Check Price on Amazon →The robotic mower category split in 2025 into "good enough" and "actually different." Yarbo is the actually-different option. While every other manufacturer is racing to build a slightly-faster wire-free mower, Yarbo built a modular robot that swaps attachments. One Core unit handles your lawn in summer, your snow in winter, and your leaves in fall. If the math works for your property, it's the most economically rational robot in the category.
Here's the catch: the math only works at scale. If you've got a quarter-acre lot, paying $6,000 for a 4-in-1 robot is absurd — a $1,000 standalone mower and a $300 snow blower cover that need with $4,700 left over. Yarbo earns its price tag on properties measured in acres, on driveways measured in hundreds of feet, and on long suburban autumn-leaf-cleanup sessions.

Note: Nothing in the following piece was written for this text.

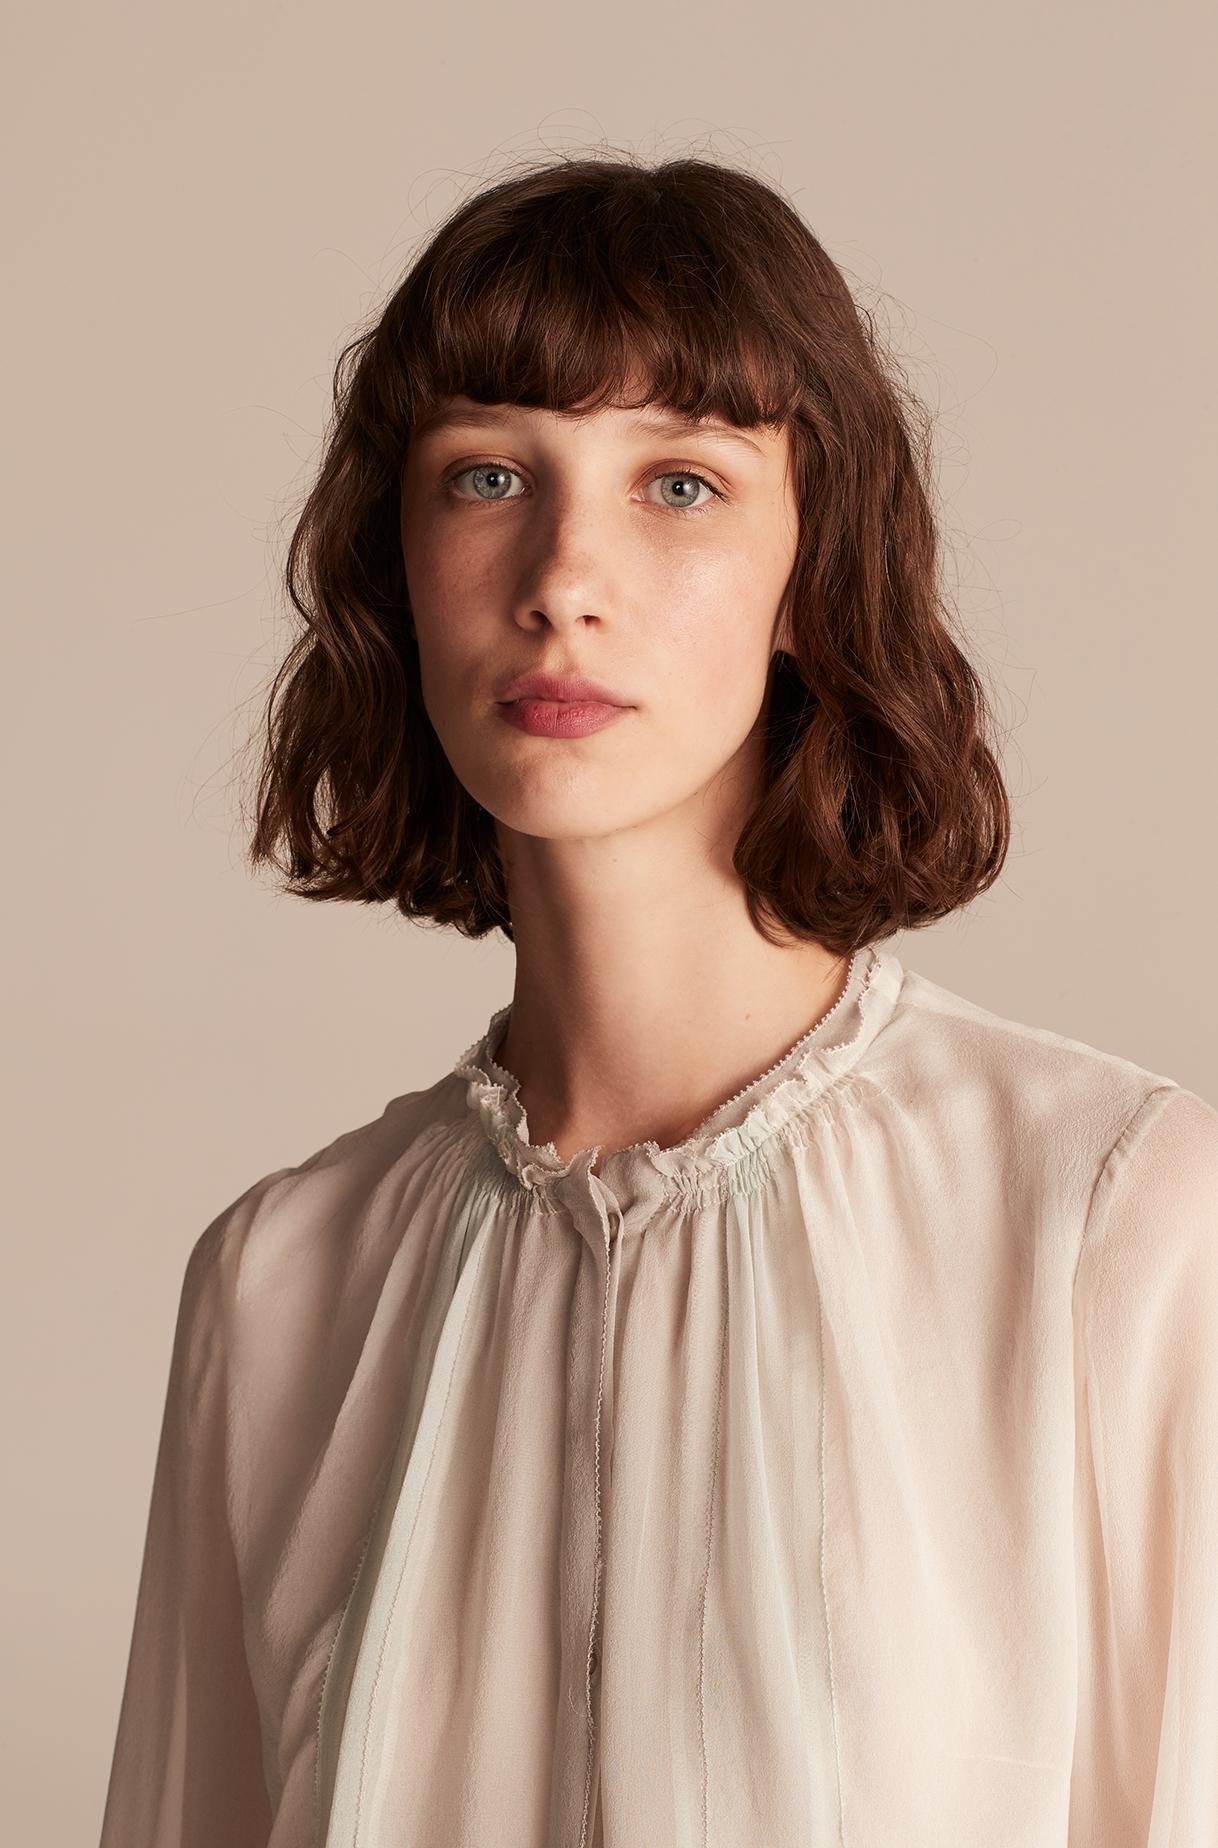 Advertising Imagery for Rebecca Taylor - Model Sasha Knysh I Greg Sorensen I Fashion & Beauty Photographer I NYC

What Makes Yarbo Different (And Why It Matters)
Three things separate Yarbo from every other robotic mower on Amazon:
Modularity. Every other robotic mower is a single-purpose machine. Yarbo's Core is a navigation and propulsion platform — the actual work gets done by interchangeable modules. The Mower Module is a 2-blade rotary deck. The Snow Blower Module is a two-stage auger with a 40-foot throw. The Leaf Blower Module is a high-CFM blower. Same Core, three different jobs.
Coverage at scale. Most wire-free robotic mowers cap out at 1.5 acres (Mammotion Luba 2) or 1.7 acres (Lymow One). Yarbo handles up to 6 acres. That's a different buyer entirely — homesteads, rural properties, light commercial.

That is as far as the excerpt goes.